Segmented region volume. Each graph is a combination of violin plots for the distribution of the segmented volume and line graphs for the mean volume in each decade stratified by sex. Red indicates female, blue indicates male, and black indicates all. The red and blue vertical lines contain the volumes between the 25th and 75th percentiles. The mean volume in each decade is shown under the violin plot. The relationship between segmented volume and age in each region was examined using Pearson’s correlation coefficient (r)

Fig. 6.

Fig. 6

Open in a new tab

Segmented region volume ratio. Each graph is a combination of violin plots for the distribution of the segmented volume ratio and line graphs for the mean volume ratio in each decade stratified by sex. Red indicates female, blue indicates male, and black indicates all. The red and blue vertical lines contain the volume ratios between the 25th and 75th percentiles. The mean volume ratio in each decade is shown under the violin plot. The relationship between segmented volume ratio and age in each region was examined using Pearson’s correlation coefficient (r)

Discussion

Our cross-sectional MRI study using the AI-based automated segmentation method has shown that the brain volume in the healthy subjects began to decline after the 20s and continued to decline over their entire lifespan, with which the CSF volume continued to increase linearly. The mean volume of the intracranial CSF in the 20s was 265 mL, whereas that in the 70s was more than 400 mL. However, the ventricle maintained its volume at approximately 20 mL under the age of 60 years. Although these results in this study are consistent with the results of other volumetric studies [716] and our previous MRI studies involving a different population [1719], they are far from the common knowledge [2022]: 150 mL in the intracranial CSF and 25 mL in the ventricles in adults. Unless this central dogma is denied, the understanding of the pathophysiology of CSF-related diseases will not progress. Even if the total intracranial CSF volume increases with aging, the ventricles are unlikely to expand in healthy persons under the age of 60 years. After the age of 60 years, the ventricle is more likely to expand for some reasons; for example, the opening foramina of Magendie and Luschka induce increases in the influx of CSF into the ventricle [2729].
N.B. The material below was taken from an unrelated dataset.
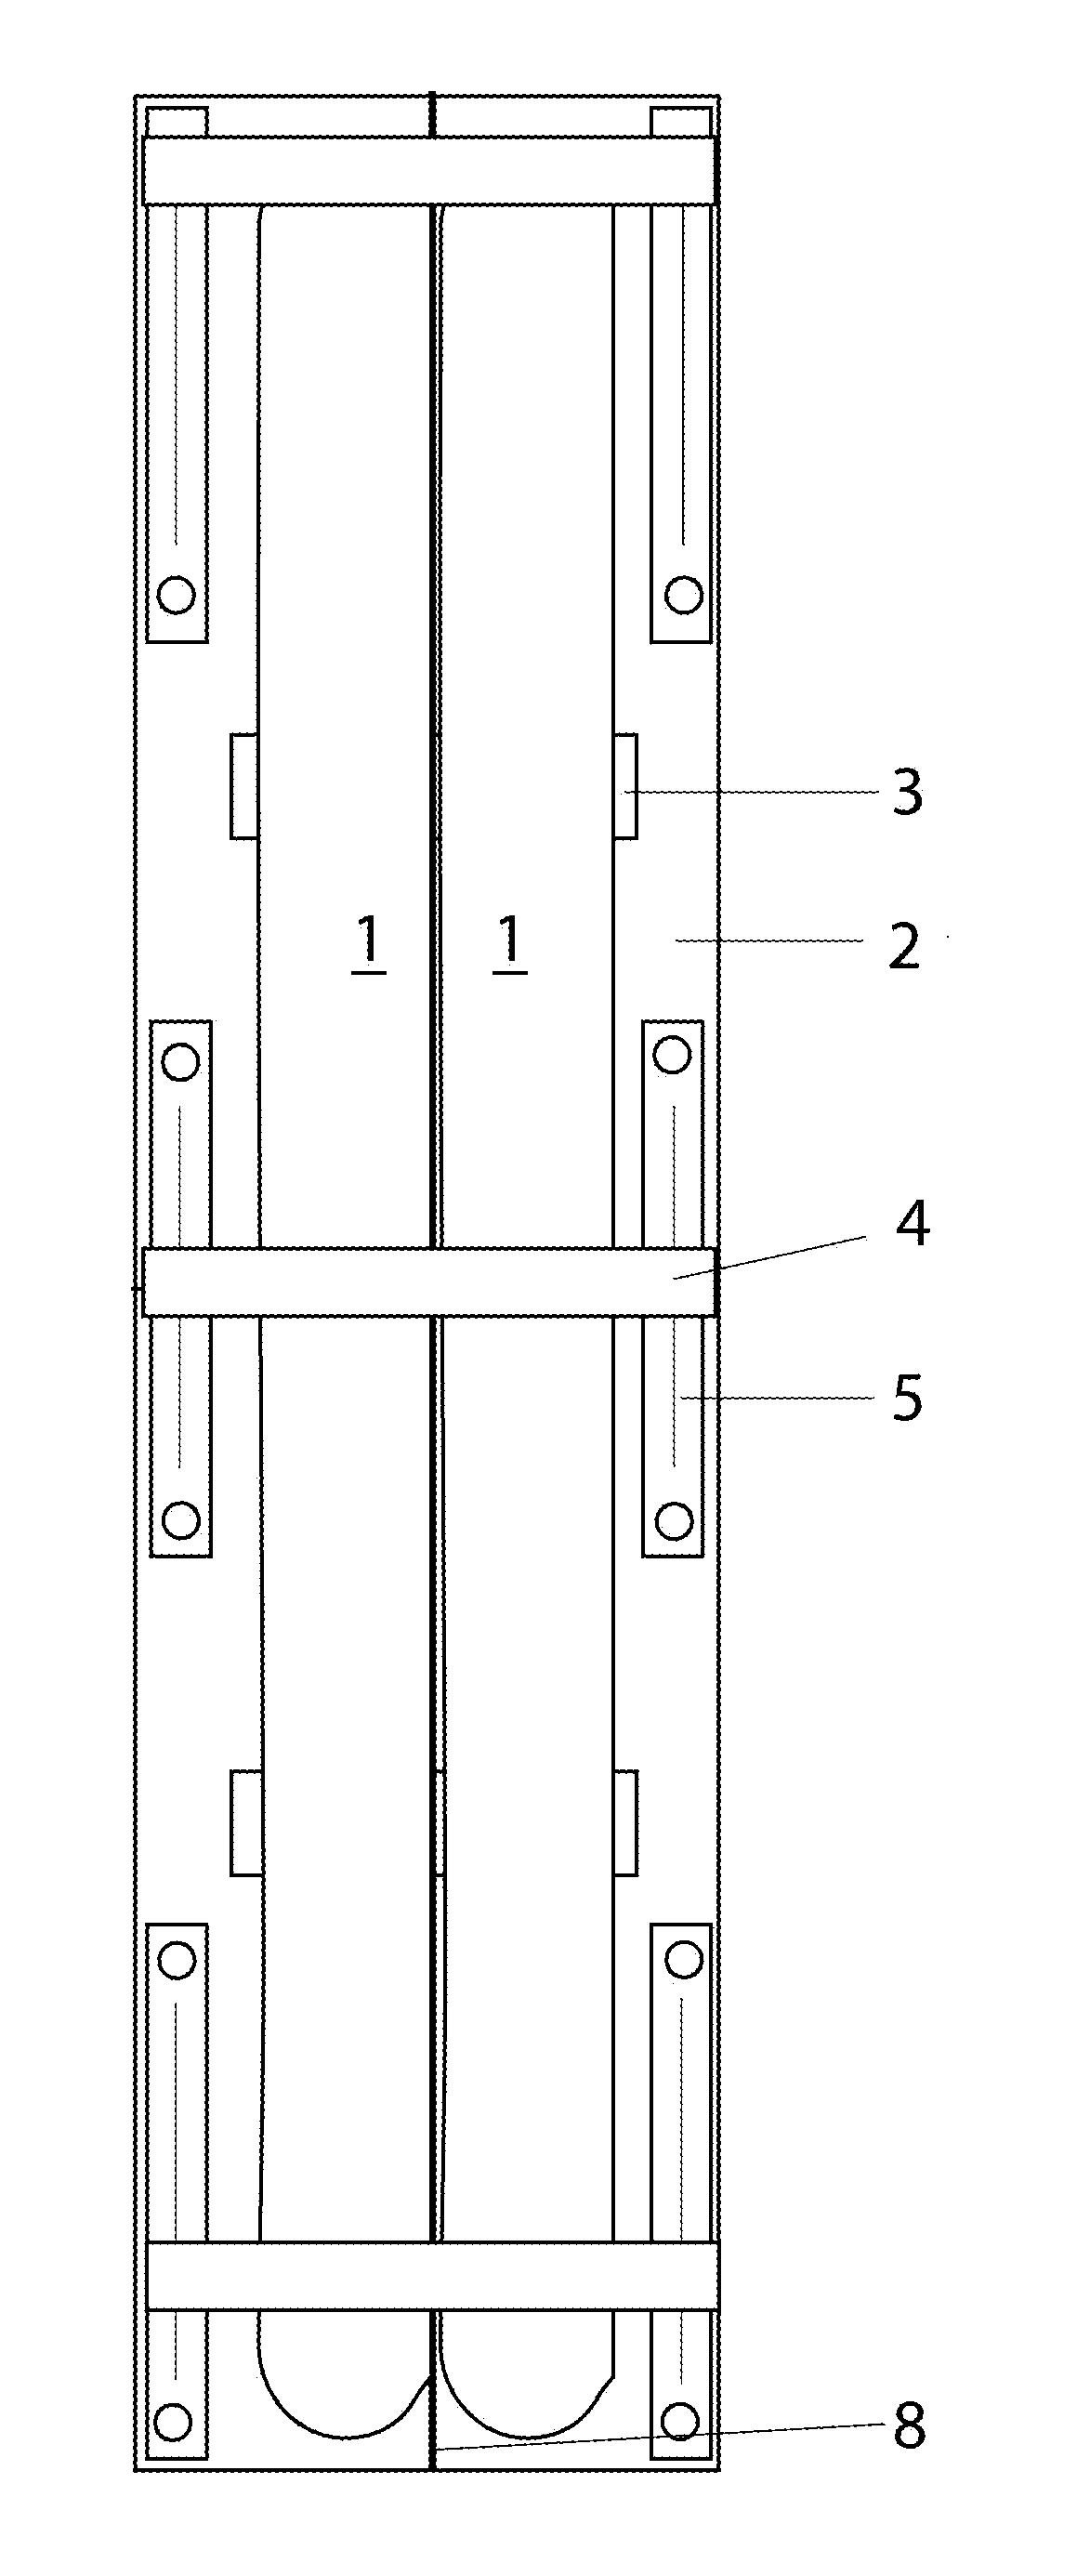 Apparatus and method for flattening and laser engraving skis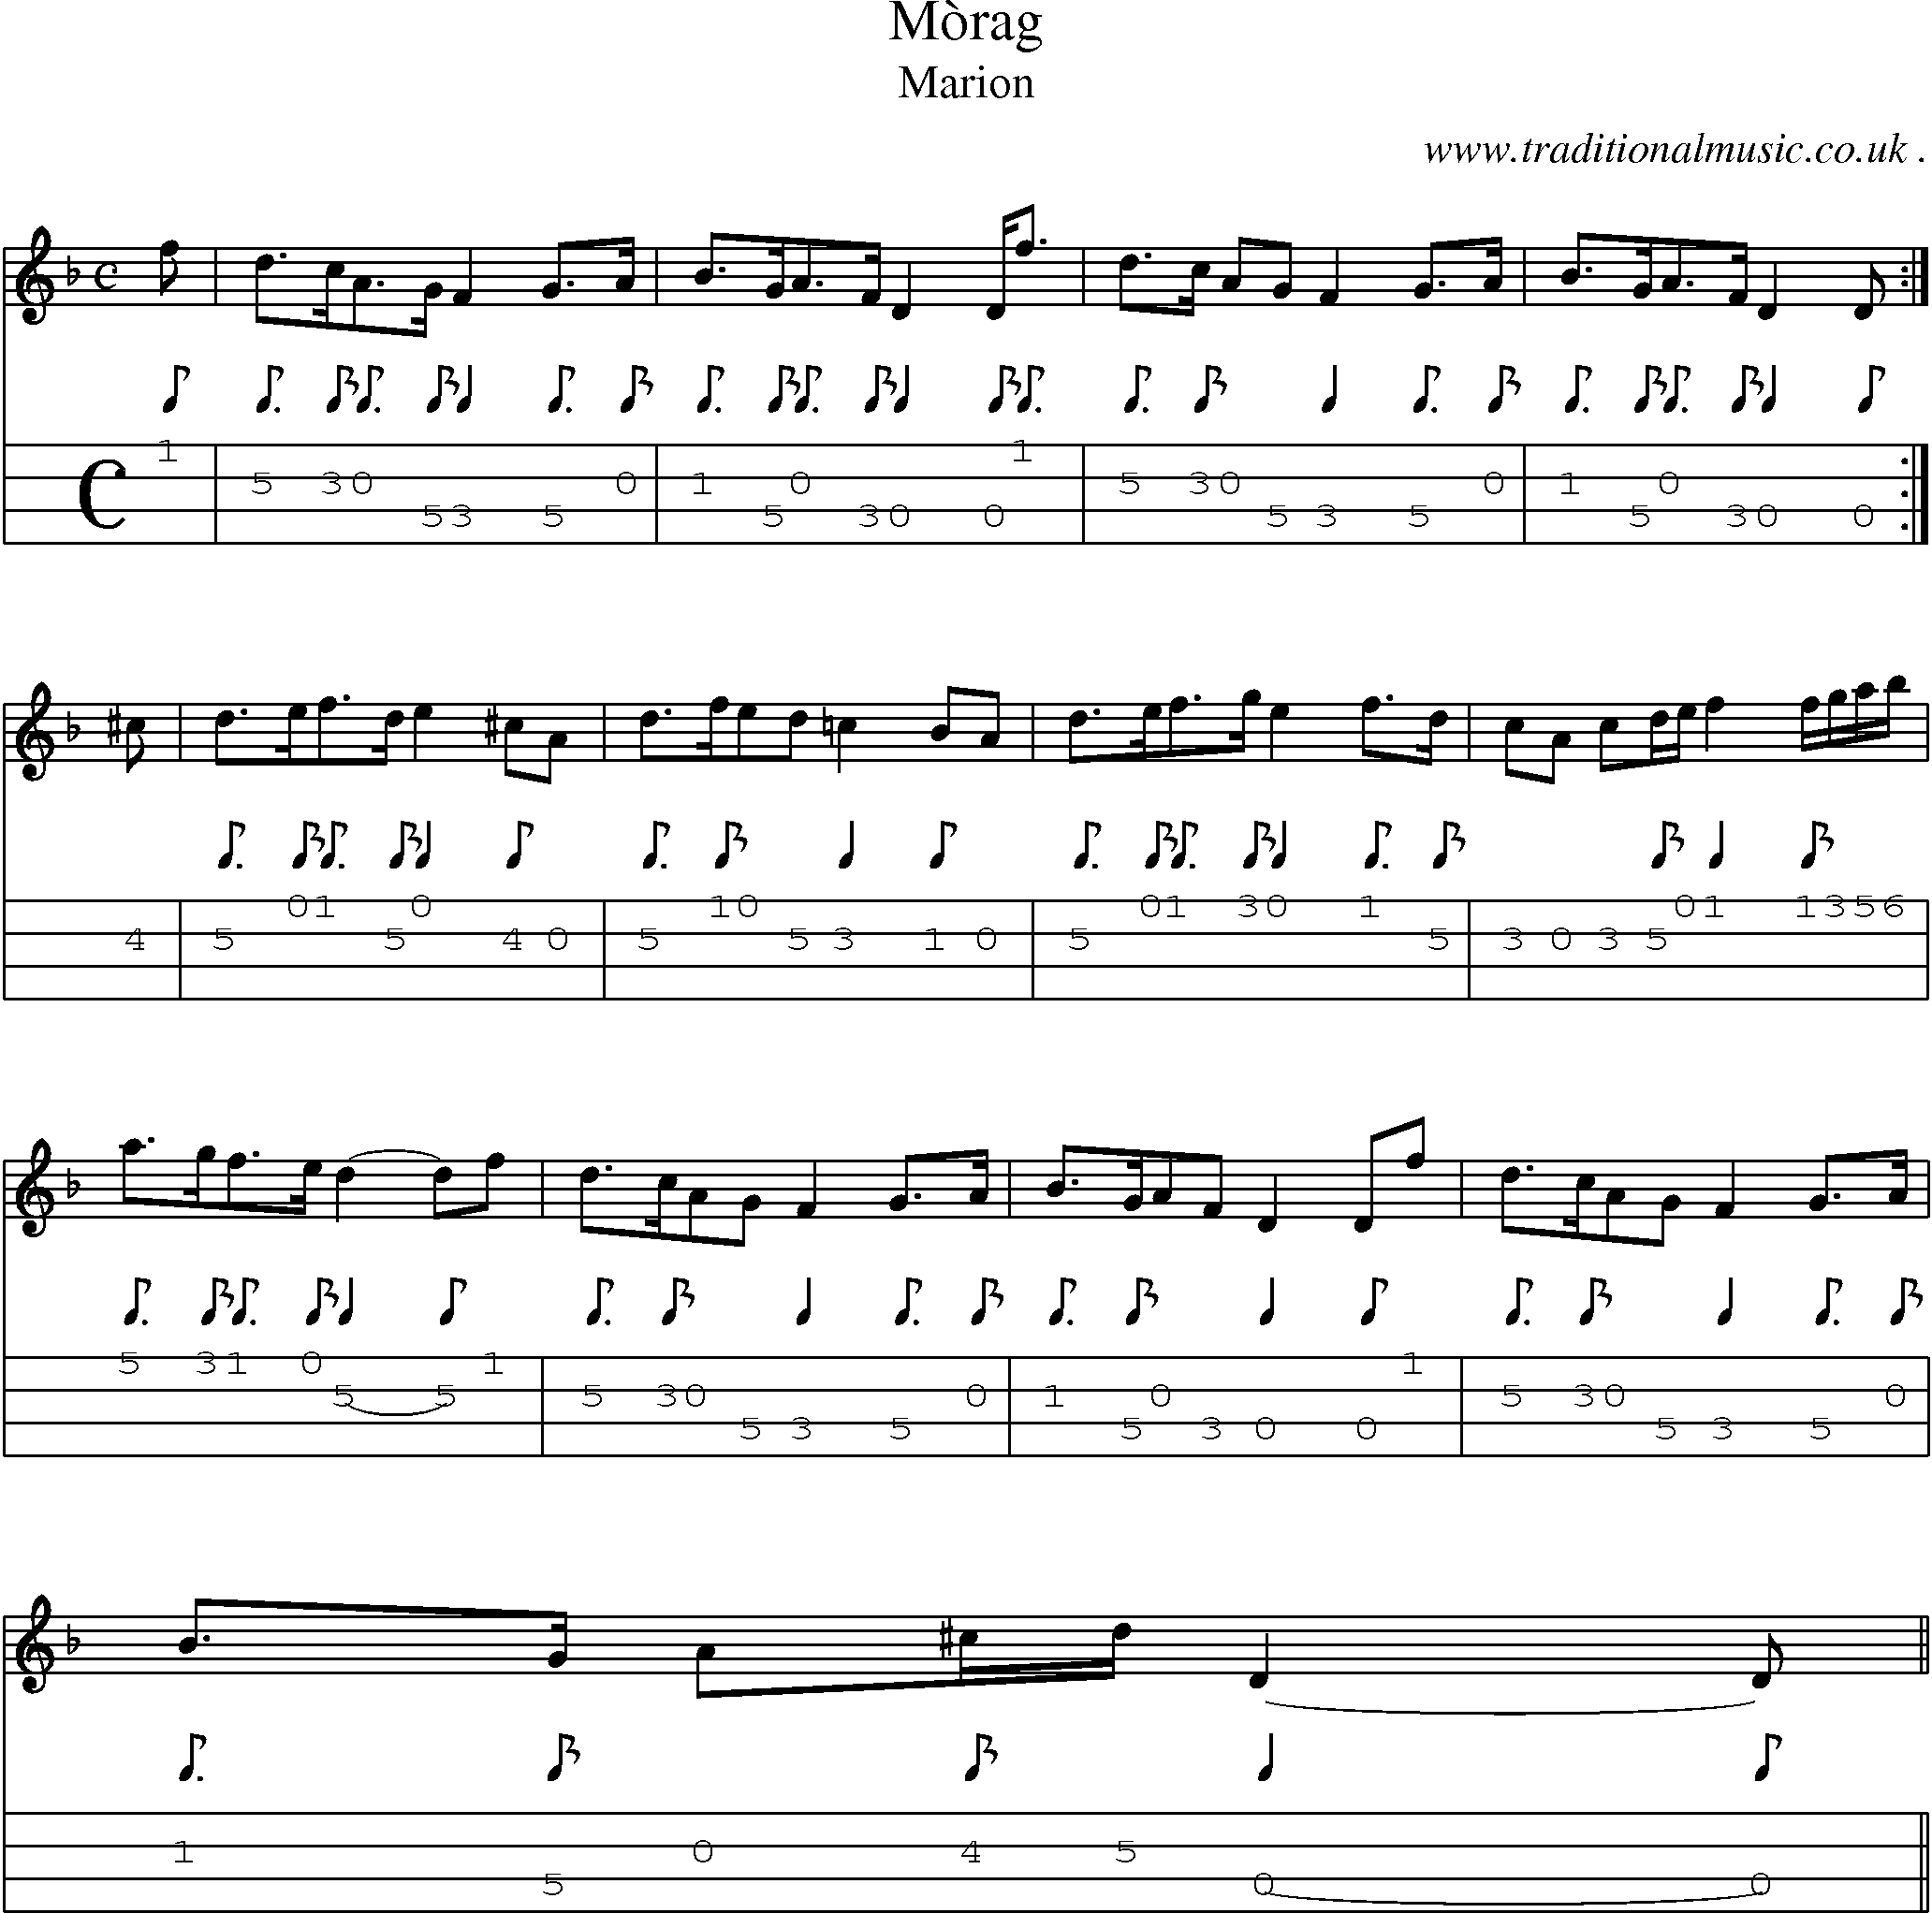 Sheet-music  score, Chords and Mandolin Tabs for Morag

The AI-based automated segmentation has numerous advantages over the conventional voxel-based morphometry or manual 3D segmentation method. The most important advantage is the reproducibility without a spatial normalization technique that fits into a normal brain anatomy on the computer-aided voxel-based morphometry [716]. An additional advantage is that the AI-based automated segmentation method takes a short time for analysis (approximately 1 min). Manual 3D segmentation is time-consuming, requires special expertise in anatomical knowledge, and is less reproducible [1719]. Because the AI-based automated segmentation method using high-resolution brain 3D MRI data is convenient for evaluating brain regional atrophy by referring to the published BrainChart [8], it will be widely clinically applied as a next-generation diagnostic imaging technique, particularly for Alzheimer’s disease.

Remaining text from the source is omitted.